The project exists to solve three hard problems at once:
- Preserve evidentiary integrity when OCR quality is inconsistent.
- Process large document sets without losing recoverability after failures.
- Serve both local batch workflows and distributed queue-based workloads.
Note
This docs suite reflects the broader canonical docs refresh for the current branch.
flowchart TB
subgraph Ingestion["Ingestion"]
FS["ocr_source/"] --> S1["Scheduler"]
API["FastAPI /api"] --> S1
end
subgraph Pipeline["Async Pipeline"]
S1 --> S2["CPU Extractors"]
S2 --> S3["GPU OCR Workers"]
S3 --> S4["Assembler"]
S4 --> S5["Ghostscript Compression"]
S5 --> OUT["ocr_output/EXPORT"]
end
subgraph Sidecars["Feature Sidecars"]
S3 --> NER["NER / Extraction"]
S3 --> BAR["Barcode / OMR"]
S3 --> ML["LayoutLMv3 / Embeddings"]
end
subgraph Distributed["Distributed Coordinator"]
D1["Django + Celery"] --> D2["RabbitMQ"]
D1 --> D3["Redis"]
D1 --> D4["PostgreSQL"]
end
| Layer | Stack |
|---|---|
| Core OCR | PaddleOCR, PaddlePaddle, Tesseract fallback |
| Processing | PyMuPDF, pdf2image, Pillow, OpenCV, NumPy |
| Language Routing | FastText (lid.176.bin) |
| API | FastAPI, SQLAlchemy, SlowAPI, WebSockets |
| Distributed Mode | Django, Celery, RabbitMQ, Redis, PostgreSQL |
| Observability | OpenTelemetry, Prometheus, Grafana |
| Runtime | Docker, Kubernetes, NVIDIA Container Toolkit, Ghostscript |
| Requirement | Why |
|---|---|
| Docker + Compose | Primary runtime path |
| NVIDIA drivers + Toolkit | GPU acceleration for PaddleOCR |
| 20+ GB free disk | Model cache and output artifacts |
docker compose up -d --build
docker ps --filter "name=ocr_gpu_processor"Place PDFs/images into ocr_source/ (subfolders are supported).
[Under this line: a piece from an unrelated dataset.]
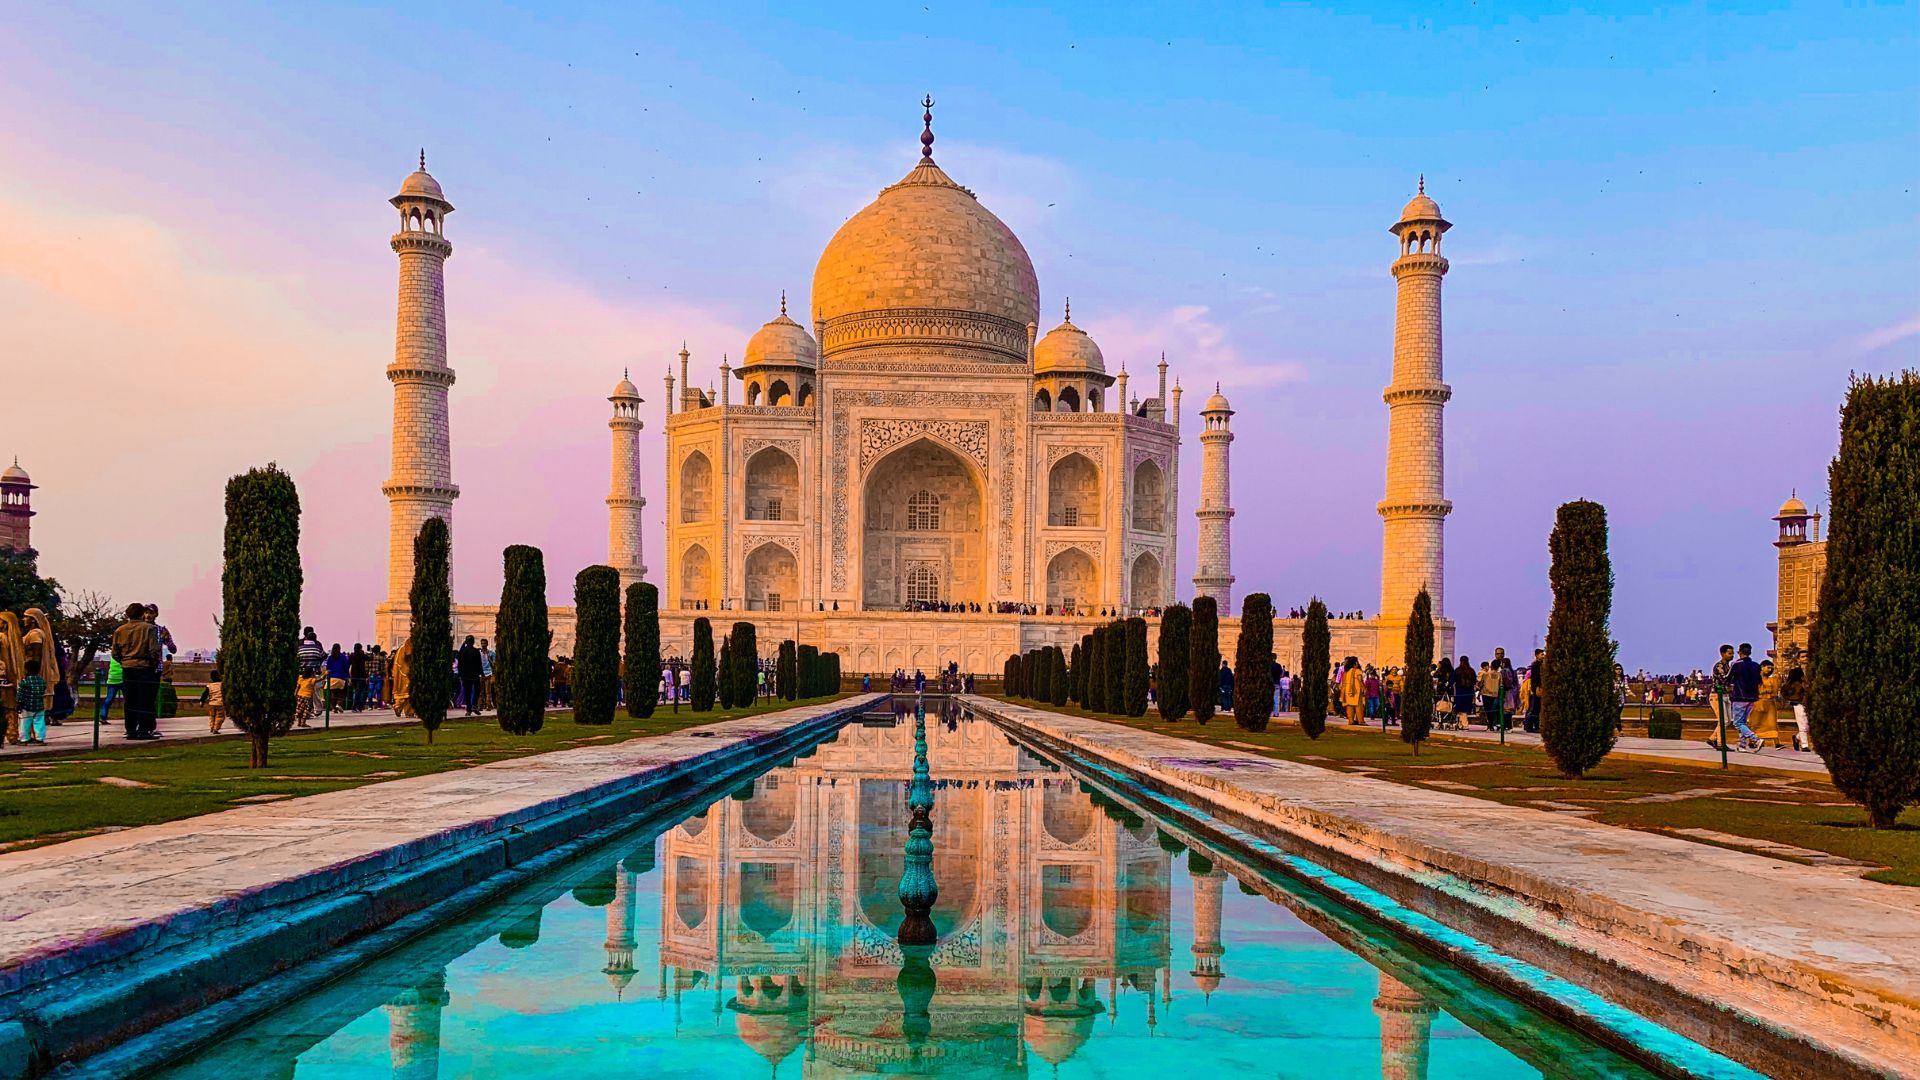 Visit the Taj Mahal:

docker logs -f ocr_gpu_processorArtifacts are written under ocr_output/EXPORT/:
PDF/searchable PDFsTEXT/plain textSTRUCTURE/,NER/,EXTRACTION/,CLASSIFICATION/,HANDWRITING/,VALIDATION/
Tip
See docs/02-QUICKSTART-5-MINUTE-SUCCESS.md for exact environment variables and distributed startup.
flowchart LR
A[ocr_source] --> B[Scheduler]
B --> C[CPU Extractors]
C --> D[GPU OCR Workers]
D --> E[Assembler]
E --> F[Ghostscript Compressors]
F --> G[ocr_output/EXPORT]
D --> H[Feature Sidecars]
H --> G
| User Type | Primary Outcome | Typical Path |
|---|---|---|
| Developer | Integrate OCR into apps | FastAPI endpoints + SDKs |
| Operations Engineer | Scale throughput | Django/Celery distributed coordinator |
| Forensic Analyst | Preserve legal defensibility | Chain-of-custody + image-only fallback |
| Data Team | Extract structured signals | NER + classification + extraction sidecars |
Post-OCR document modification capabilities for forensic workflows:
- Transforms: PDF page operations, format conversion, and preprocessing
- Stamps: Bates numbering and confidentiality designation overlays
- Forensic Safeguards: Custody logging, validation gates, hash-linked chains
Enable via feature flags:
environment:
- ENABLE_TRANSFORMS=true
- ENABLE_STAMPING=trueSee docs/07-TRANSFORMS-STAMPING.md for API endpoints and operator workflows.
| Document | Purpose |
|---|---|
| docs/README.md | Navigation hub |
| docs/EXECUTIVE-SUMMARY.md | Stakeholder-level product summary |
| docs/00-SYSTEM-BLUEPRINT.md | Architecture baseline and boundaries |
| docs/01-TECH-STACK-DNA.md | Technologies, dependencies, and roles |
| docs/02-QUICKSTART-5-MINUTE-SUCCESS.md | Step-by-step setup |
| docs/03-INFORMATION-FLOWS.md | End-to-end data movement and API flow |
| docs/04-USE-CASES.md | Role-based scenarios |
| docs/05-INTERACTIVE-WALKTHROUGH.md | Guided codebase tour and entry points |
| docs/06-CONFIGURATION-REFERENCE.md | Environment variables and feature flags |
| docs/07-TRANSFORMS-STAMPING.md | Transform and stamp operations guide |
| docs/08-SDK-REFERENCE.md | SDK clients |
| docs/09-TROUBLESHOOTING.md | Common issues and logs |
| docs/10-MONITORING-OPERATIONS.md | Observability and operations |
| docs/11-ML-TRAINING-GUIDE.md | Model training and customization |
Internal / Proprietary. Built on top of open-source dependencies including PaddleOCR (Apache 2.0).